BUILT explores the changing city in the US and the challenges that will affect housing, infrastructure, neighborhood cohesion, and equity in the coming years. BUILT is a series of research, installation, dialogue, interview, and performance events of varied scale, including the opportunity for public conversation offered at this blog.

This week’s post focuses on the cover of a book by a firm in Texas:

real-estate-cover.jpg

From inside the cover:

 

“The Section 8 program is a truly public-private relationship that serves the needs of low-income families by providing safe, quality housing opportunities using public funds for financial assistance. Public Housing Authorities (PHAs) manage the Section 8 program within specific geographic areas, and they represent the public side of the public-private relationship. The private side of the relationship is made up of real estate investors who profit by making their investment properties available to the Section 8 program.

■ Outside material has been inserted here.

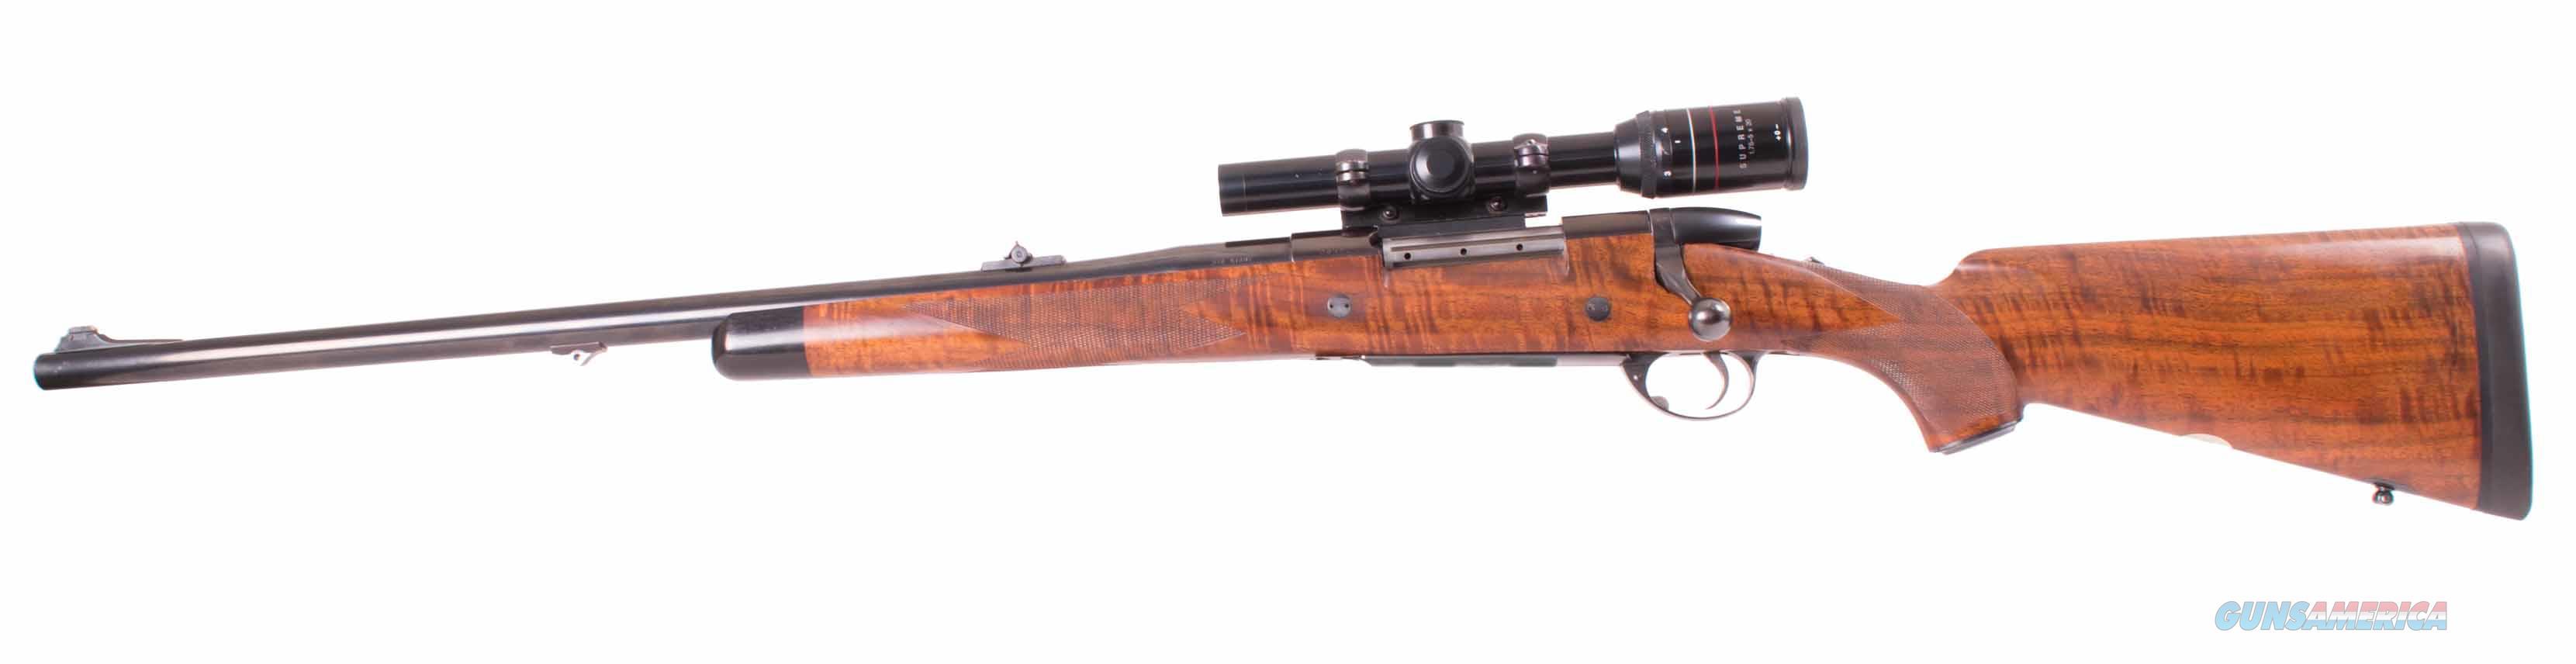 BILL DOWTIN CUSTOM BOLT RIFLE, .416 Rigby LEFT HAND, GORGEOUS, vintage firearms inc   Guns > Rifles > Custom Rifles > Bolt Action

As you will see, savy real estate investors reap many benefits from the Section 8 program that others who invest in real estate miss completely. This includes on-time rent collection, long-term tenants, shorter vacancy times, and at market or above market rents. But investors who participate in the Section 8 program get an added benefit that doesn’t relate to the bottom line – they are helping to serve the public interests by providing housing to those less fortunate.

Given all these benefits, the natural question that comes to mind is “Why don’t all real estate investors participate in Section 8?” Why indeed.

Once a new investor said to me, “I can do what you do and save money.” I said, “Exactly! I want you to be able to do what I do. That way, more Section 8 clients will have a decent place to live. However”, I also told him, “if you ever find yourself in legal trouble would you represent yourself, or have an attorney represent you? And if you chose to represent yourself, do you know how to properly defend yourself?”

If you are serious about your investments I would urge you to seek professional representation to ensure you are getting the most out of your investment and to reduce the time that you must invest in each property.

Having said that, this book will give you some tips on how to not only defend yourself, but will show you how to work within the Section 8 program to save you time and a lot of frustration.

Buy the book – Learn the process – Make a difference for yourself and your community!

$24.95

One might ask, What exactly is this book selling? How is it selling it?

BUILT is a performance/civic dialogue project and a collaboration of Northwesten University’s Theater Department & Portland, Oregon’s Sojourn Theatre, led by visiting artist Michael Rohd.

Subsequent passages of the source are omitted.